Tacoma remembers a day the nation can't forget

A giant American flag is raised and a peace globe is unveiled at yesterday's Harbor Flag Dedication ceremony remembering the...

A sunny day greeted the approximately 1,500 people who turned out for yesterday morning’s Harbor Flag Dedication ceremony at Thea’s Park in remembrance of last year’s terrorist attacks that claimed the lives of nearly 3,000 Americans.

City and county officials, members of the police and fire departments and ordinary citizens all were present to reflect on that momentous day on Sept. 11, 2001 when terrorists brought down the twin towers of the World Trade Center and struck the Pentagon.

The ceremony also reflected hope for the future, with the dedication of a giant American flag, the unveiling of a peace globe and the blessing of a ceremonial peace pole.

The $150,000 project was funded by donations and co-sponsored by the City of Tacoma and Metro Parks Tacoma.

“We have created a place where we will remember the past,” said Tacoma City Councilman Bill Evans, who led the efforts to make the Harbor Flag Dedication a reality.

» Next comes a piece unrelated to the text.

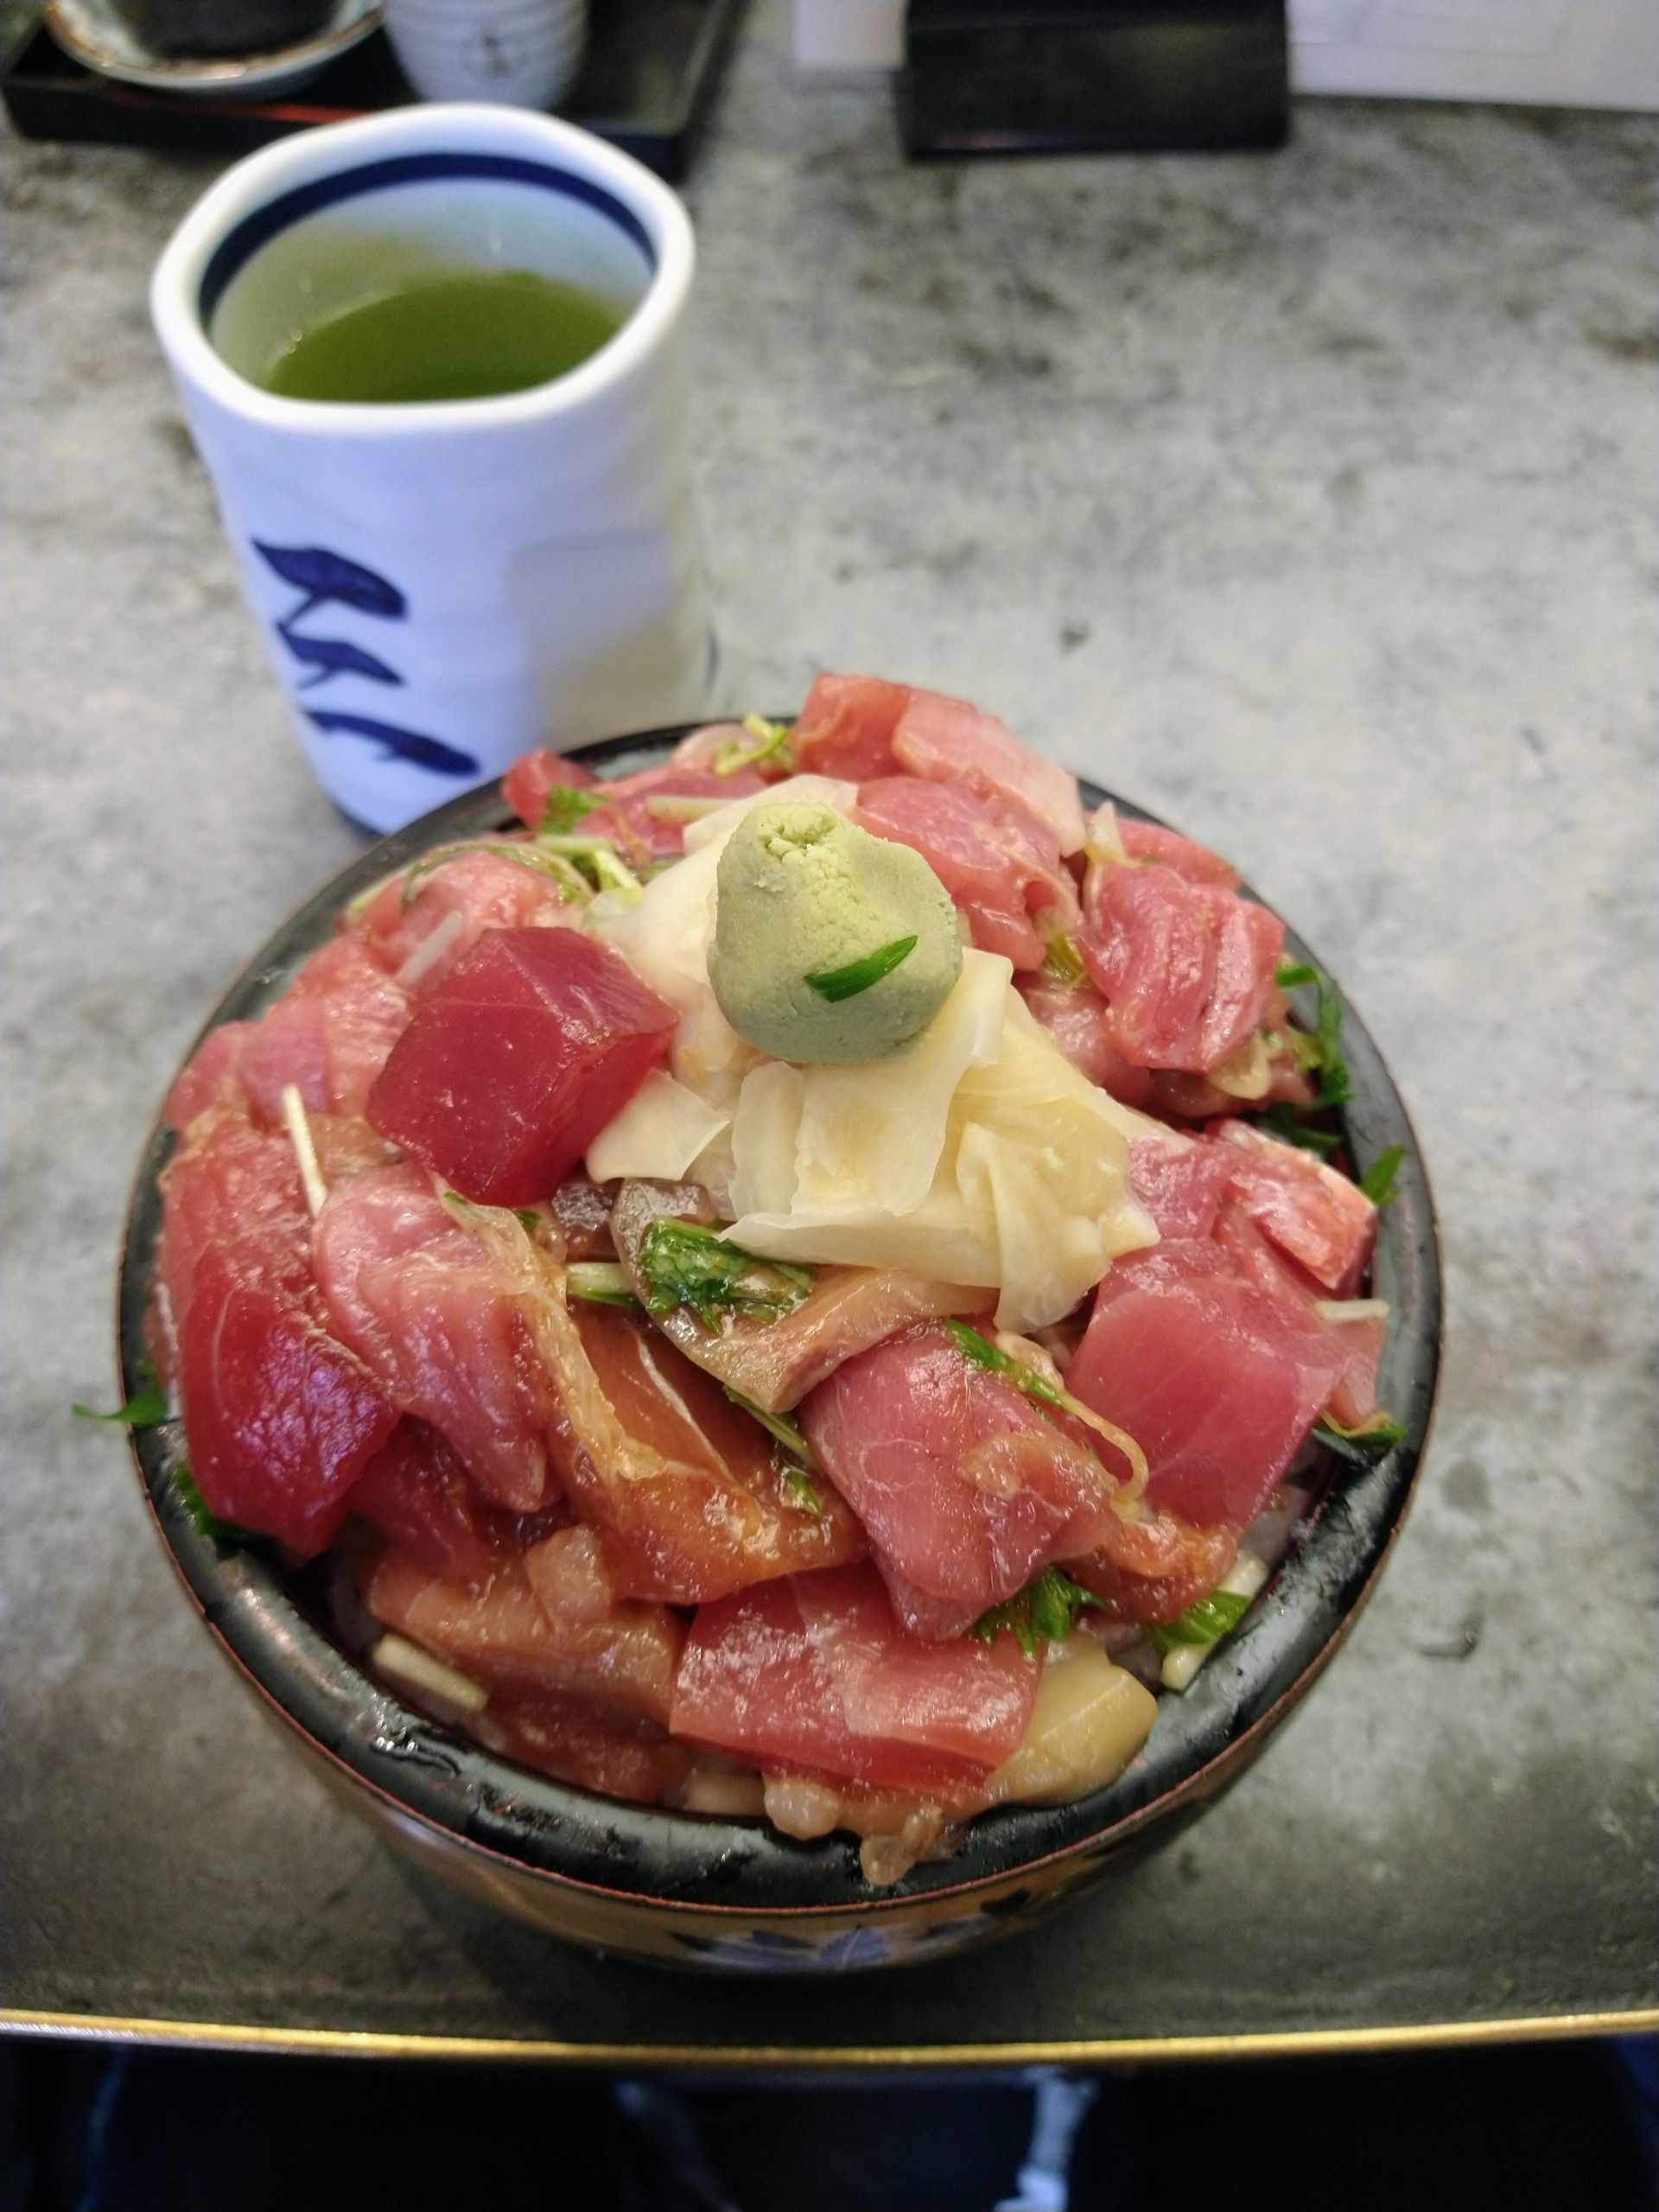 mikore-sushi-cuisine-11

Mindful of the fact that history will record the terrorist attacks of a year ago and how America has responded, Evans described the flag plaza as a gathering place that will also provide hope for the future.

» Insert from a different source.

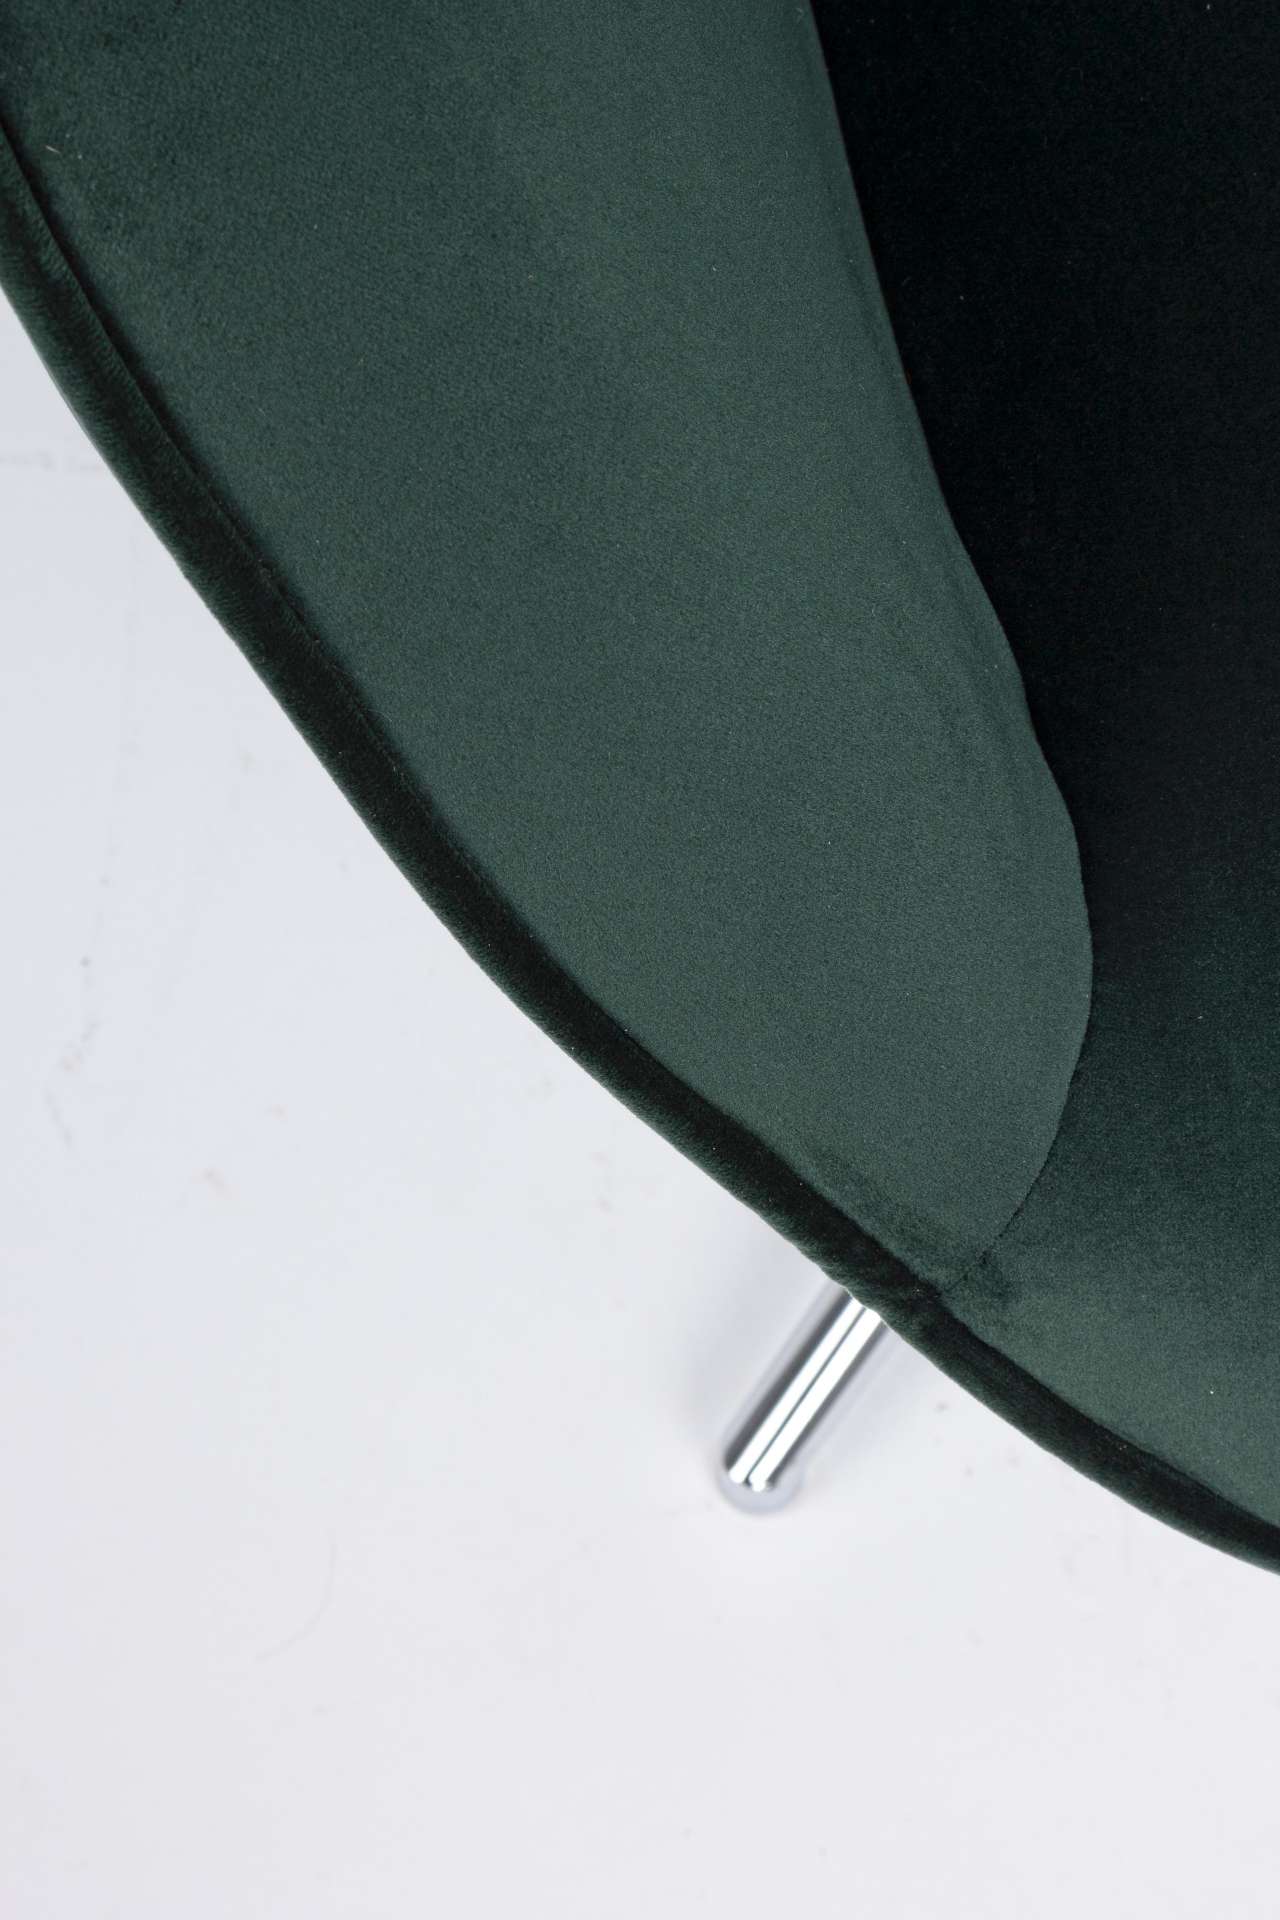 Der Sessel Farida überzeugt mit seinem modernen Design. Gefertigt wurde er aus Samt, welcher einen grünen Farbton besitzt. Das Gestell ist aus Metall und hat eine silberne Farbe. Der Sessel besitzt eine Sitzhöhe von 45 cm. Die Breite beträgt 69 cm. Der Se

“This is one of the most historic sites in Tacoma,” he said.

Master of ceremonies Ross Hjelseth, president of the Tacoma Metro Parks Board, agreed.

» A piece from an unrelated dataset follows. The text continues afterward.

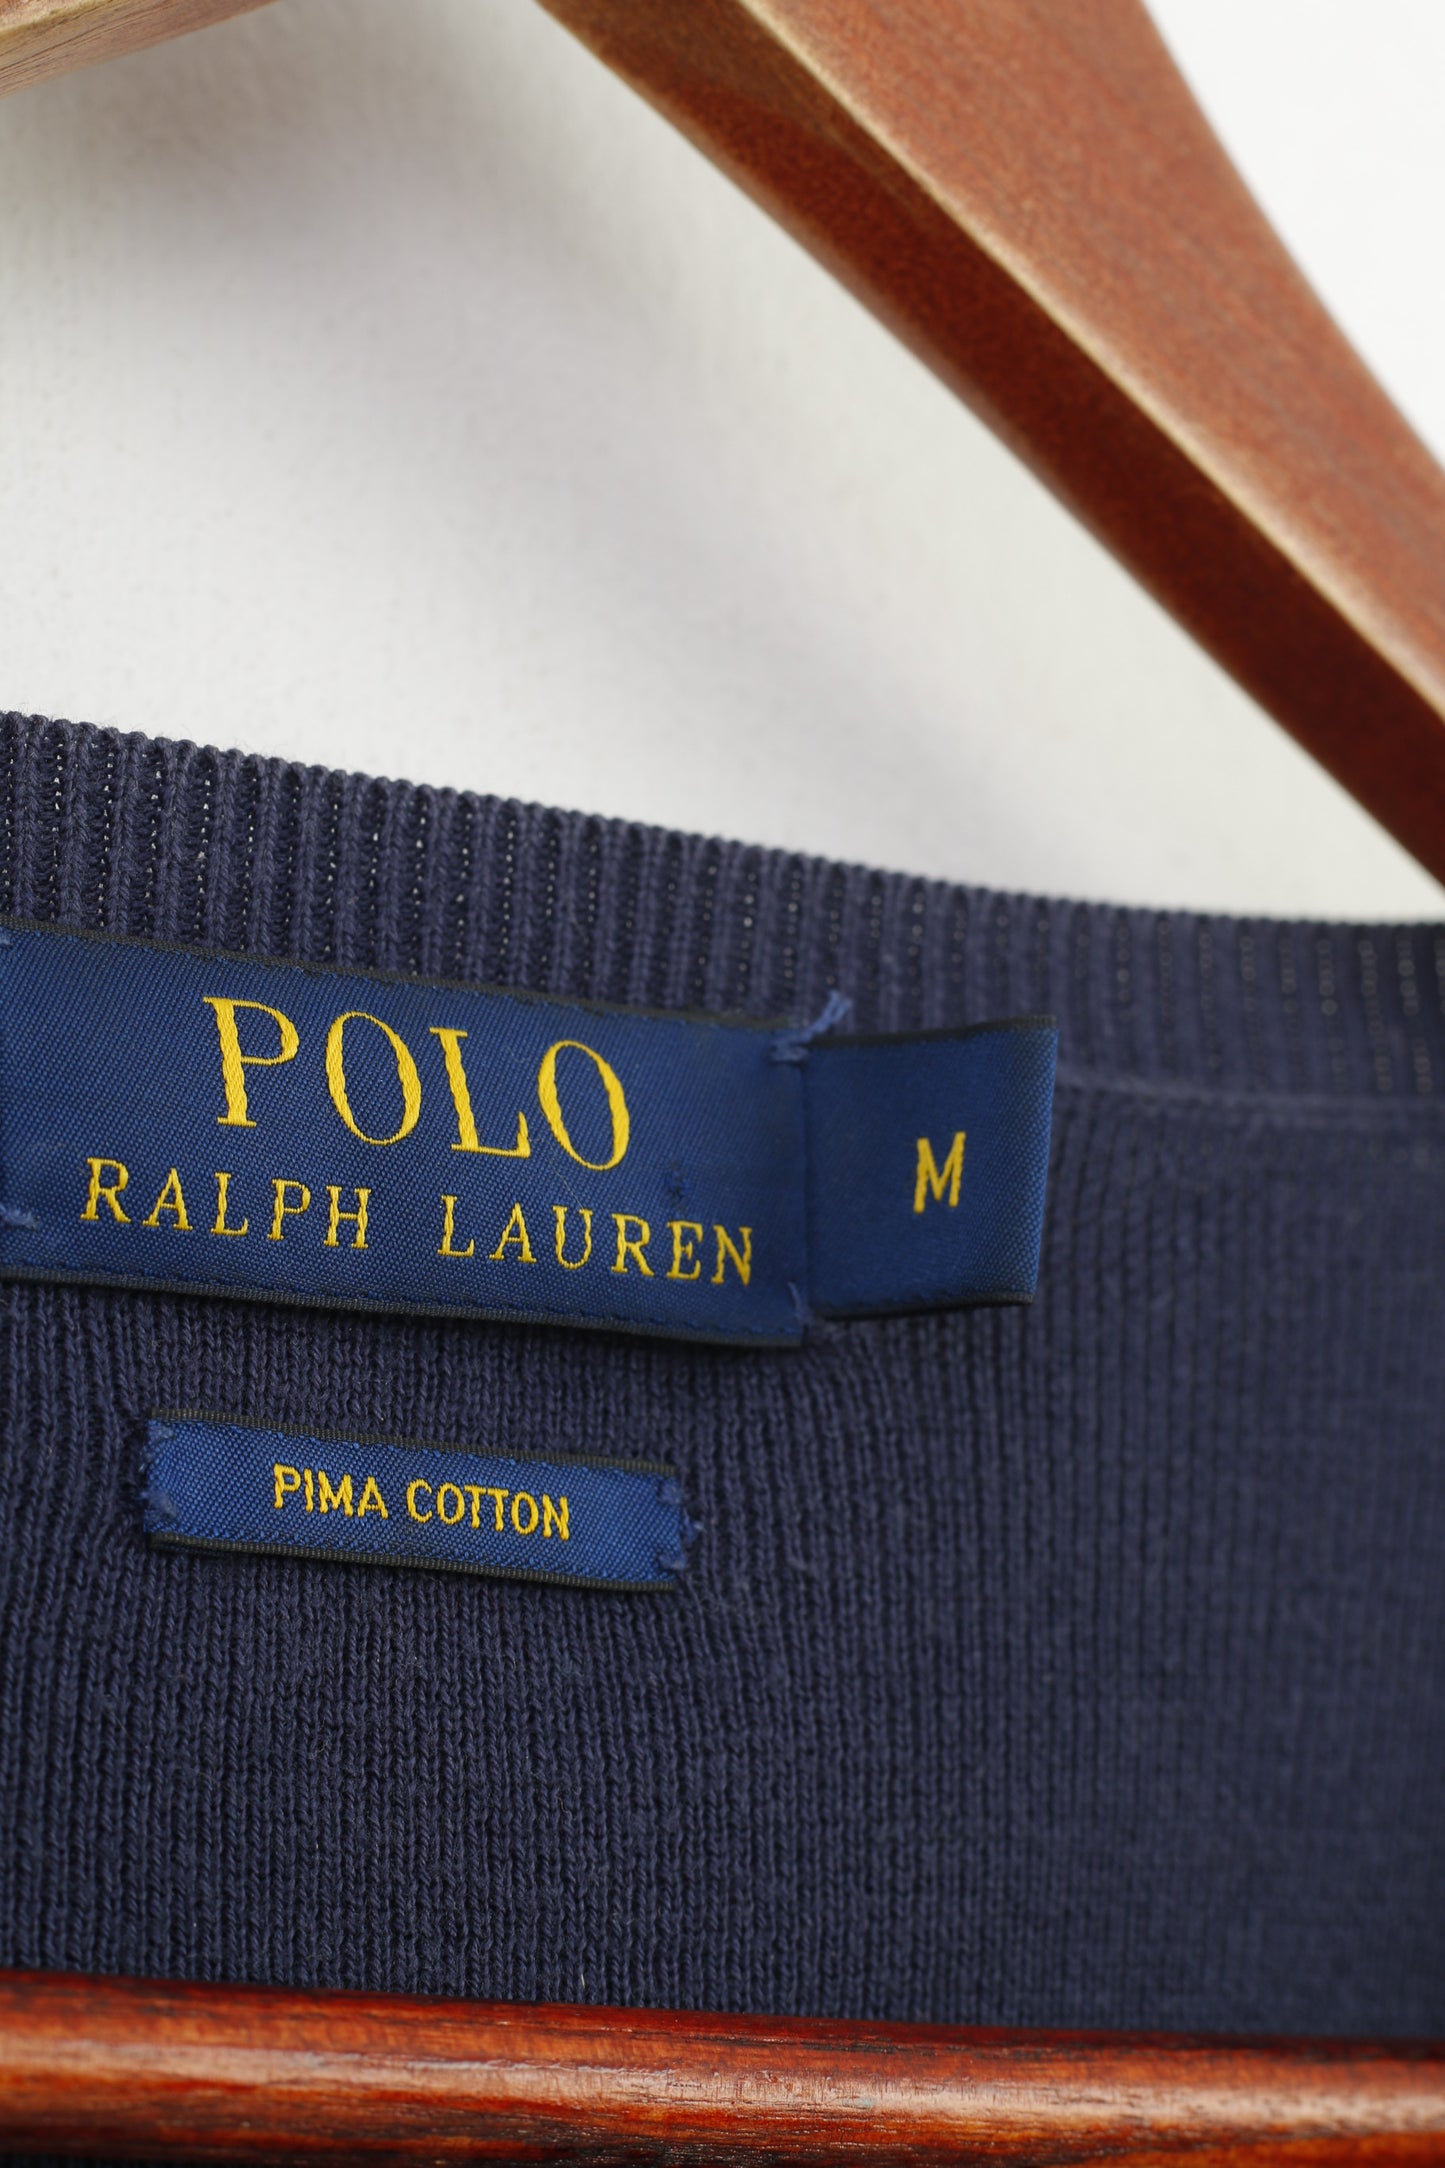 Polo Ralph Lauren Uomo M Maglione con scollo a V Prima Cotton Navy Classico Top

“Today, we gather to remember,” he said. “Today we are going to celebrate the future with symbols.”

Among those symbols was a 38-by-20-foot American flag – the largest in Tacoma- that was raised atop a 100-foot flagpole; meant to greet visitors as they enter the Port of Tacoma.

During a solemn ceremony, the flag was slowly raised by members of the Tacoma Fire Department honor guard to the peak of the pole, then slowly lowered to half-staff.

The Tahoma Girls Choir sang “The Star-Spangled Banner” as the flag was raised and “Let There Be Peace on Earth” as the banner was lowered to the pole’s mid-point.

Ironically, or perhaps fittingly, a jetliner flew overhead as the flag reached the top of the pole.

“We lift this flag today for all to see,” said Tacoma Mayor Bill Baarsma.

An eight-foot in diameter steel globe with stars representing Tacoma’s sister cities was also unveiled during yesterday’s ceremony.

A ceremonial pole proclaiming “May Peace Prevail on Earth” in 12 languages was dedicated as well.

For all the talk and hope for peace, Tacoma Police Chief David Brame reminded people why they were at the Harbor Flag Dedication.

He compared the unprovoked attack on America on Sept. 11, 2001 to the surprise attack on Pearl Harbor by Japan on Dec. 7, 1941, noting the latter was an attack against military targets while last year’s terrorist attacks killed mostly civilians.

“Sept. 11, 2001 is our new day of infamy in this millennium,” he said.

He added, “We will achieve peace through strength.”

The ceremony concluded with the Tahoma Girls Choir’s “Let Peace Begin With Me.”

“America’s reaction comes down to each of us as we leave here,” Hjelseth said, echoing the sentiments of the song. “It’s one person at a time making a difference.”

In the background, the newly raised American flag fluttered in the breeze on a warm summer morning.